You were employed by this person so you put it down on the form. Theres no need for a dilemma. The CF asks, you provide.

Simple.


----------



## divermc (13 Dec 2011)

Honesty is the best policy. That being said, I don't think they call every employer, they are more concerned with whether there are any gaps in your employment history that might require further review. As someone already mentioned, you worked for him and left once you realized he was not ethical in his business. You didn't break the law or get charged (and found guilty) of any offence and therefore don't have a criminal record to disclose so you are fine. If anything you lived up to the military ethos by remaining ethical in your decision to leave.

Good luck in the rest of your paperwork and don't be discouraged by this, it was a learning experience that built character.


----------



## Scott (13 Dec 2011)

Recruits have worked for shitty employer in the past, you're not the first.

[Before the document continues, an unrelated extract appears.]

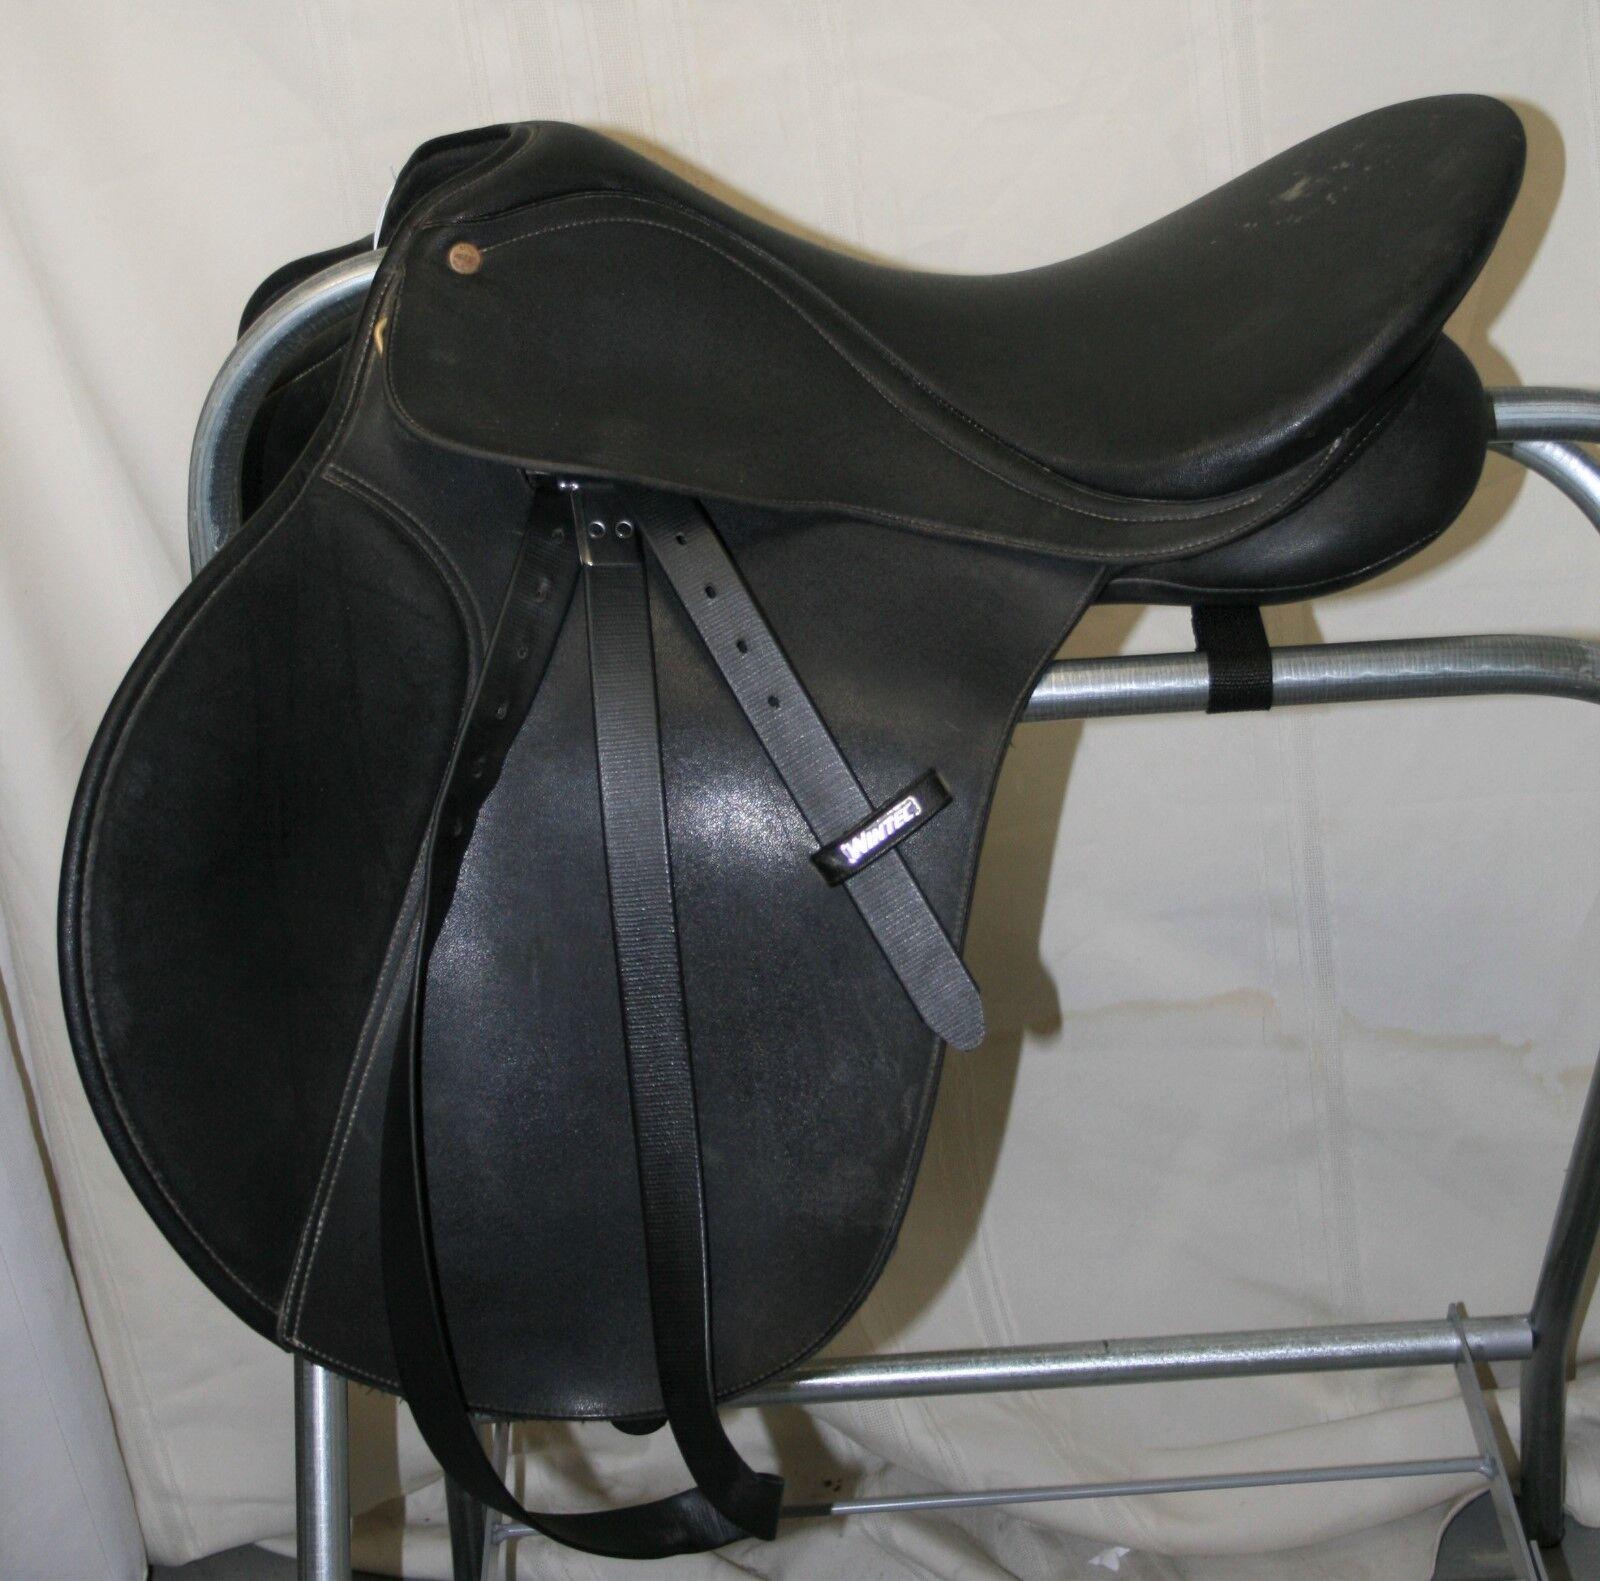 USED Wintec Bates All Purpose English Saddle with Wintec leathers - 16 1 2  seat

Relax and be honest.


----------



## DogFighting101 (13 Dec 2011)

Even if they call all of your past employers, if 1 of them says you we're a crap sack and the rest say they couldn't ask for a better employee... They'll know the particular employer had personal issues that affect his judgment. Nothing to be worried about unless most or all of them say you weren't a good worker.


----------



## Ex-Dragoon (13 Dec 2011)

divermc said:
			
		

> Honesty is the best policy. *That being said, I don't think they call every employer*, they are more concerned with whether there are any gaps in your employment history that might require further review. As someone already mentioned, you worked for him and left once you realized he was not ethical in his business. You didn't break the law or get charged (and found guilty) of any offence and therefore don't have a criminal record to disclose so you are fine. If anything you lived up to the military ethos by remaining ethical in your decision to leave.
> 
> Good luck in the rest of your paperwork and don't be discouraged by this, it was a learning experience that built character.



You don't think or do you know for certain? We try and pass the most accurate information we can to the OP not speculations.

Milnet.Ca Staff


----------